| Task description |
No pictures belong in the result; set down exactly the lines from the one containing "Dark Blue Background" through the final line of the listing, and nothing more.

| Dataset excerpt |
= Beginning of Section =
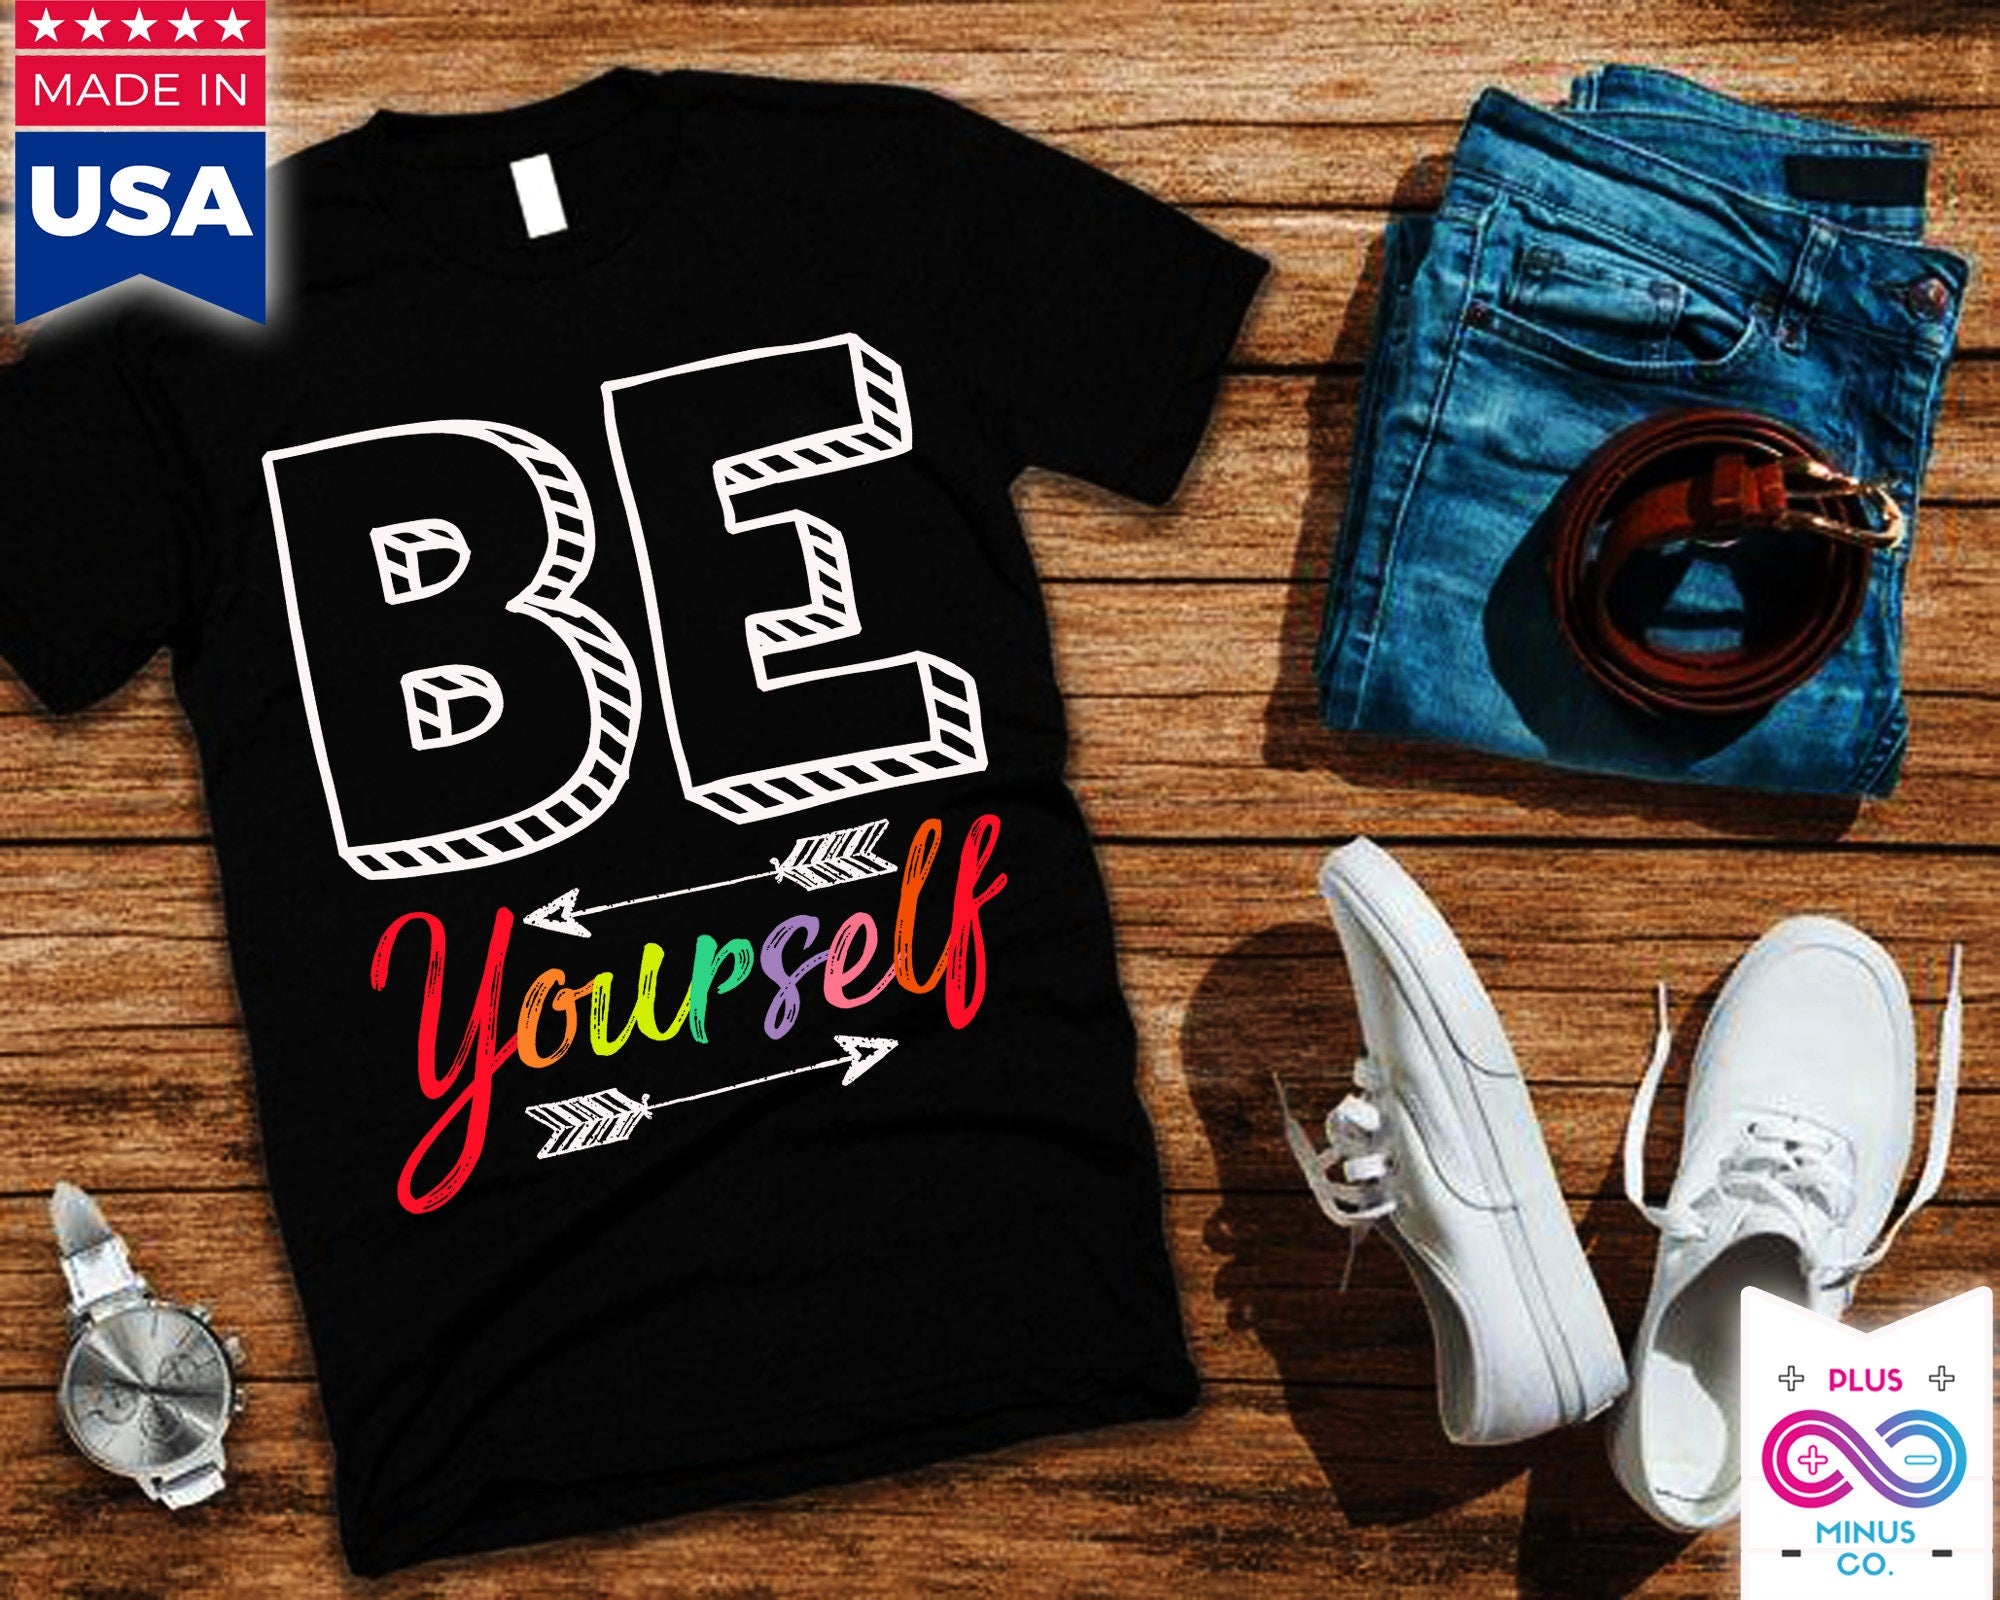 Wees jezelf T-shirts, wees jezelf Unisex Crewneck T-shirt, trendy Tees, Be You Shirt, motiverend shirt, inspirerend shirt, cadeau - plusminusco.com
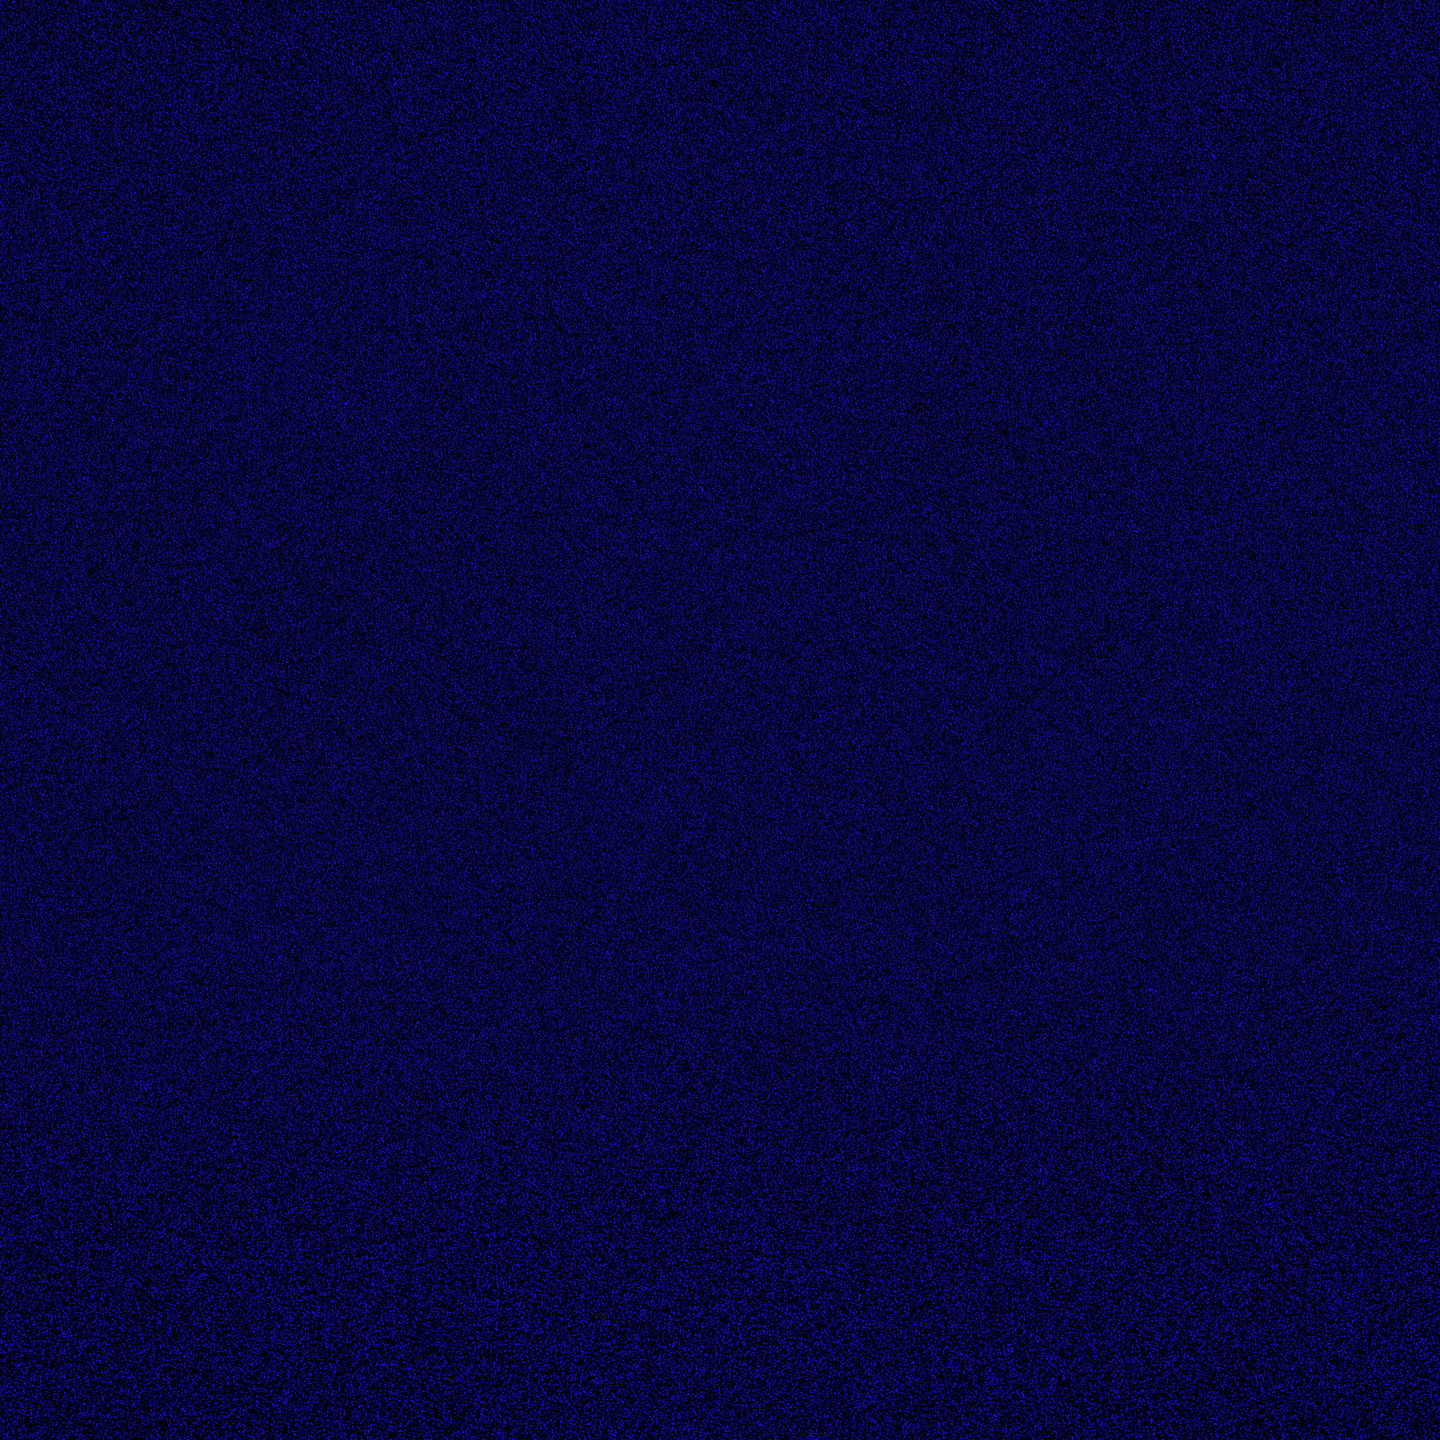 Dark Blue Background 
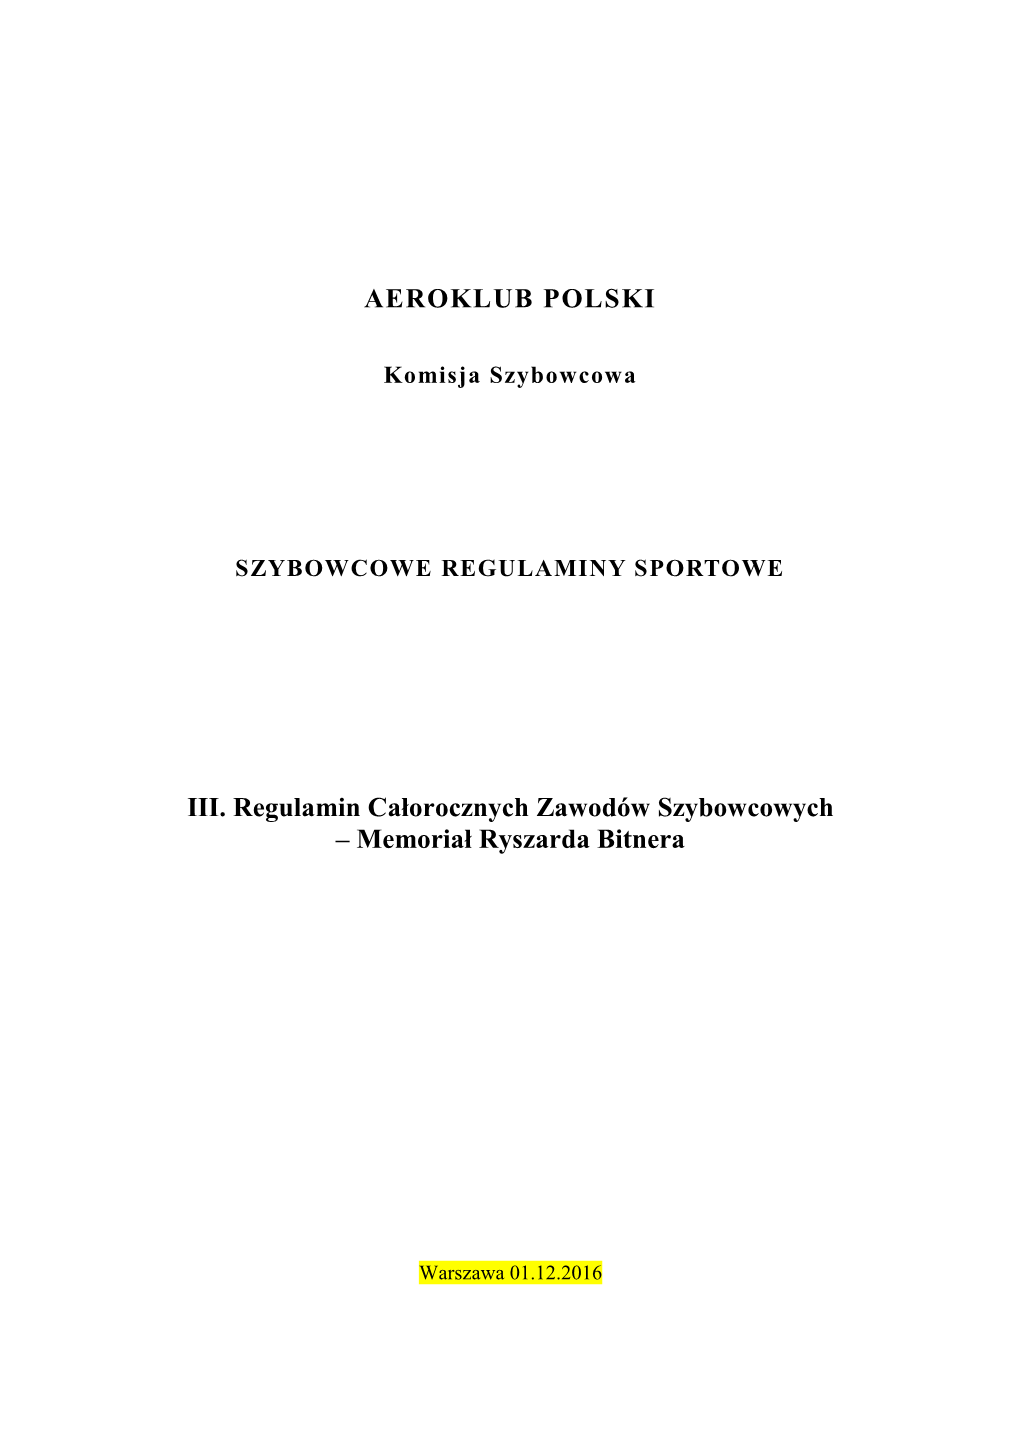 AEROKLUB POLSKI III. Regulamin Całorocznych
= End of Section =
| Response to this task |
 Dark Blue Background 
 AEROKLUB POLSKI III. Regulamin Całorocznych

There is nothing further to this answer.